(WORK TO BE COMPLETED): Any picture in the material should be left out, while all other lines are copied exactly.

-- GIVEN MATERIAL follows --

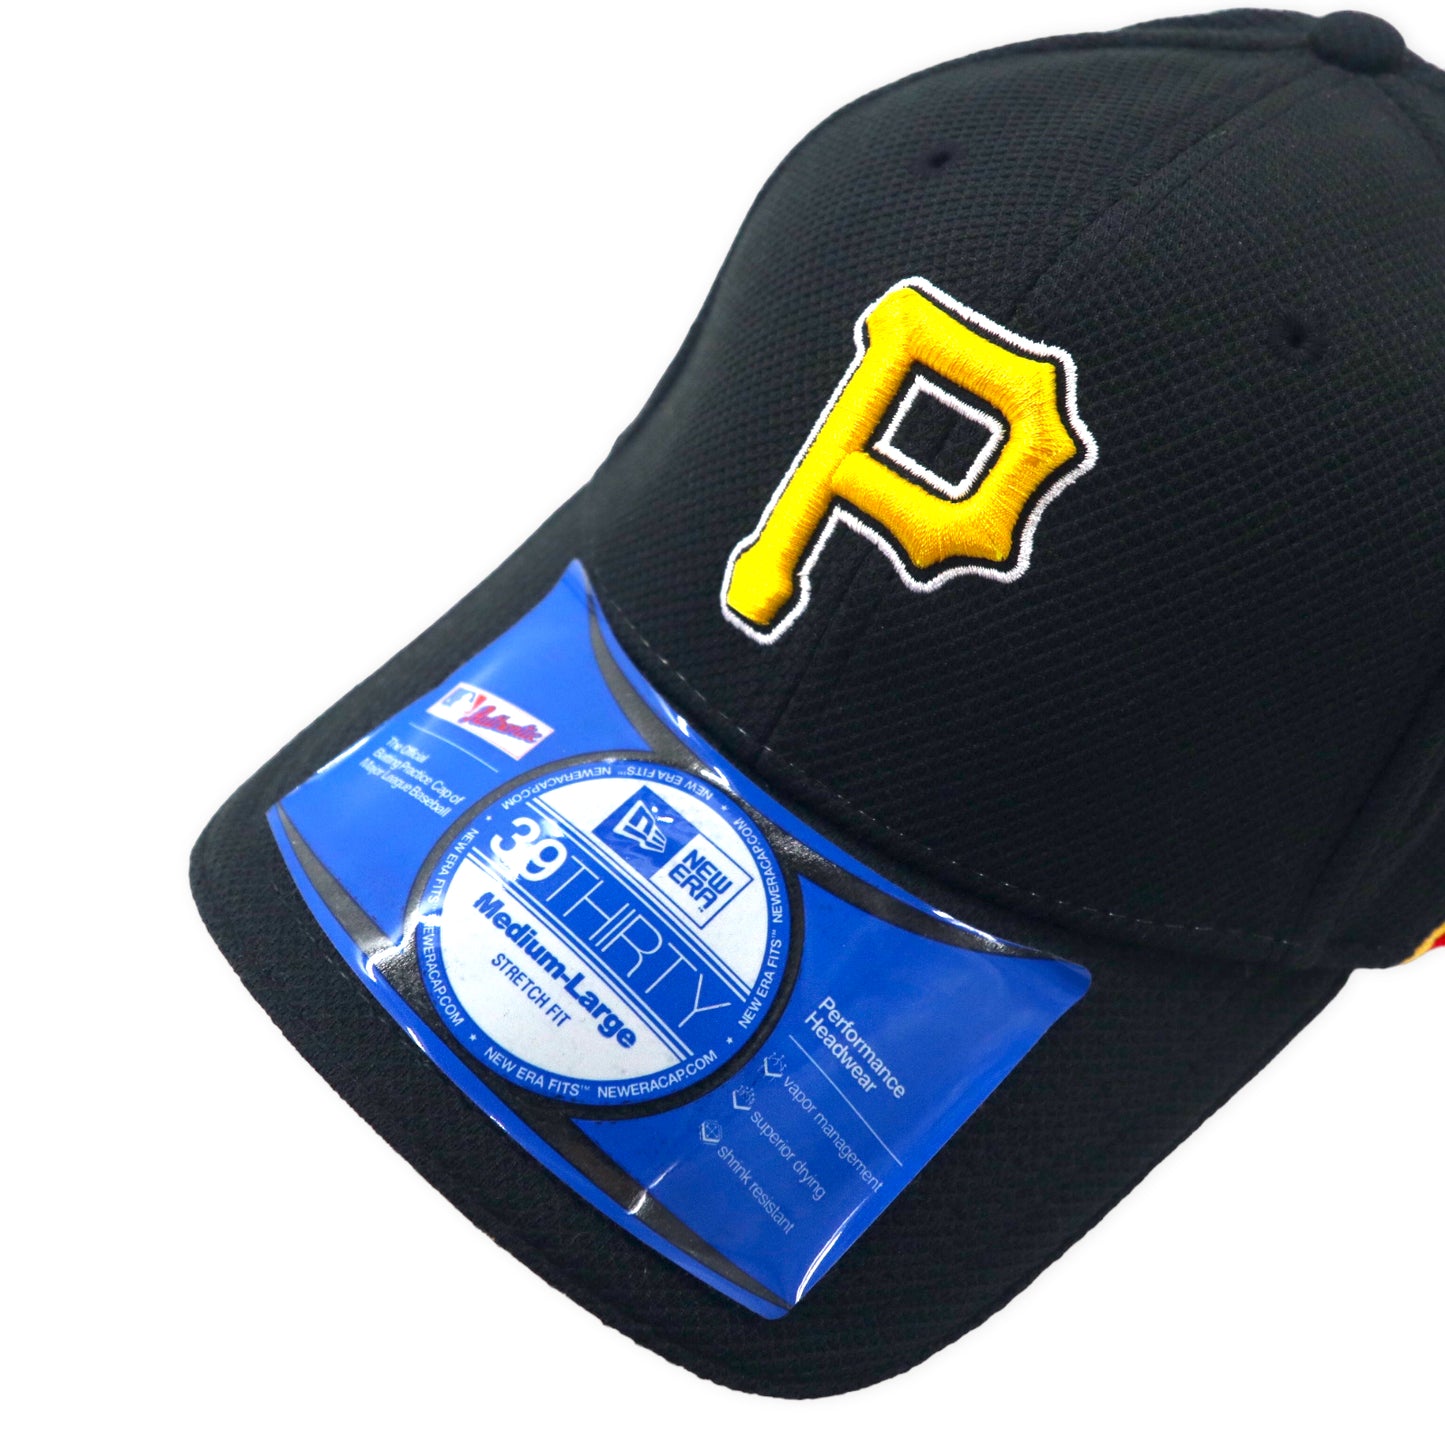 NEWERA ベースボールキャップ M/L ブラック MLB Pittsburgh Pirates ピッツバーグ パイレーツ PERFORMANCE HEADWEAR 未使用品
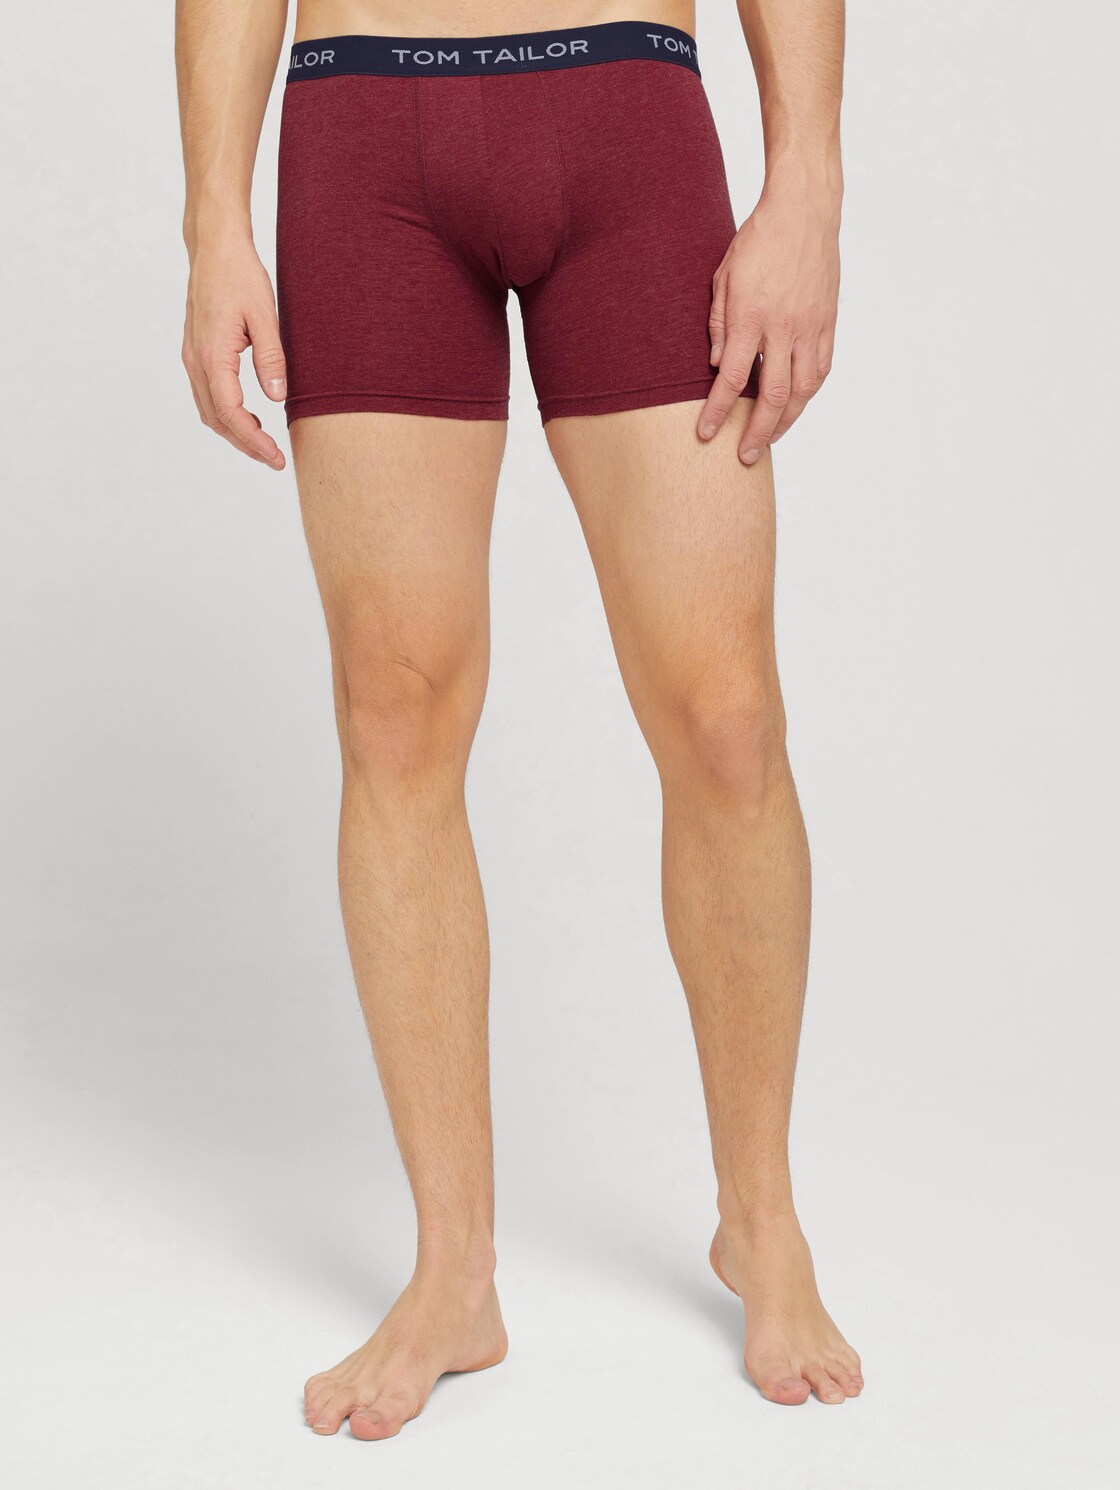 TOM TAILOR Set van 2 Long Pants in gemêleerde look, Mannen, rood, Größe S/4
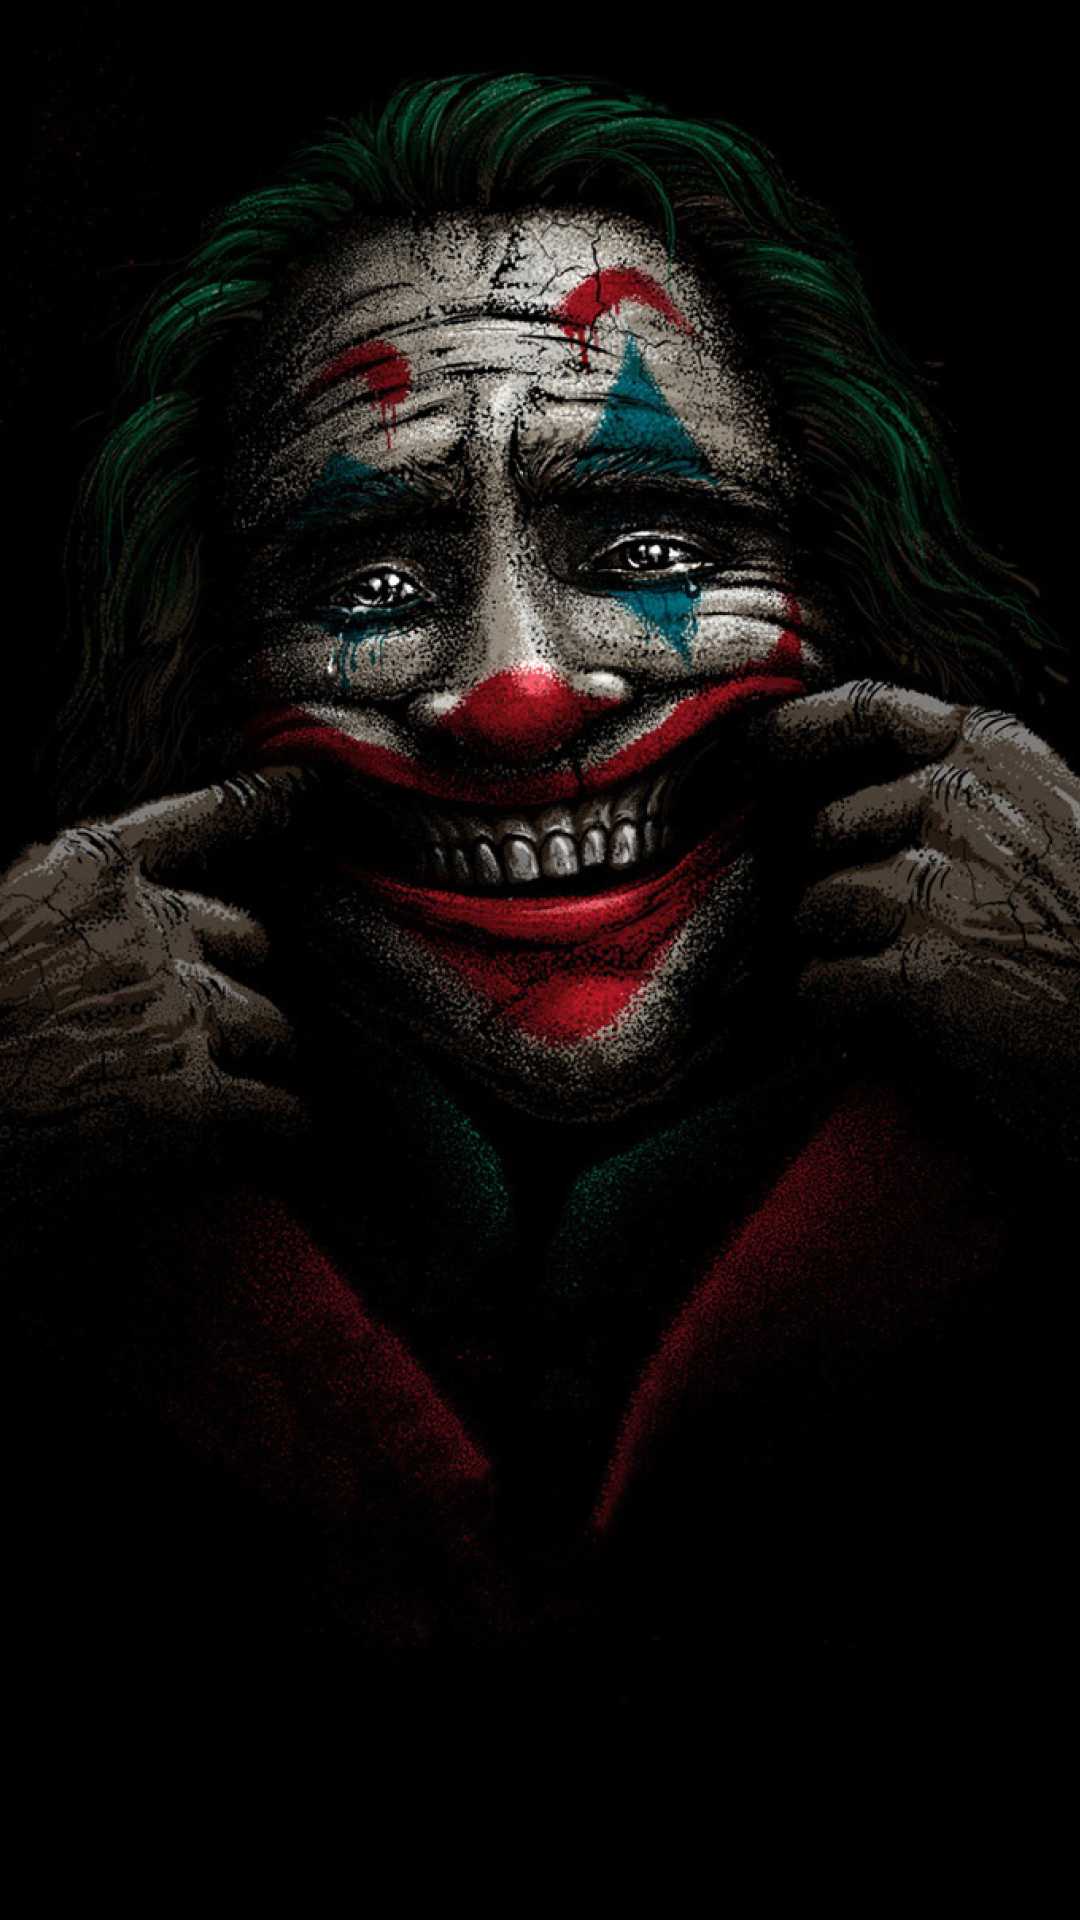 Joker, buồn, khóc, ảnh: Bạn đã từng khóc vì Joker trong phim? Hãy xem ảnh liên quan đến nhân vật này. Với trang phục đặc biệt và tính cách phức tạp, Joker là một trong những nhân vật được yêu thích nhất trong điện ảnh. Xem ảnh và cảm nhận sự buồn của nhân vật này.

-- GIVEN MATERIAL concluded --

(ANSWER TO THIS PROBLEM):
 NEWERA ベースボールキャップ M/L ブラック MLB Pittsburgh Pirates ピッツバーグ パイレーツ PERFORMANCE HEADWEAR 未使用品
 TOM TAILOR Set van 2 Long Pants in gemêleerde look, Mannen, rood, Größe S/4
 Joker, buồn, khóc, ảnh: Bạn đã từng khóc vì Joker trong phim? Hãy xem ảnh liên quan đến nhân vật này. Với trang phục đặc biệt và tính cách phức tạp, Joker là một trong những nhân vật được yêu thích nhất trong điện ảnh. Xem ảnh và cảm nhận sự buồn của nhân vật này.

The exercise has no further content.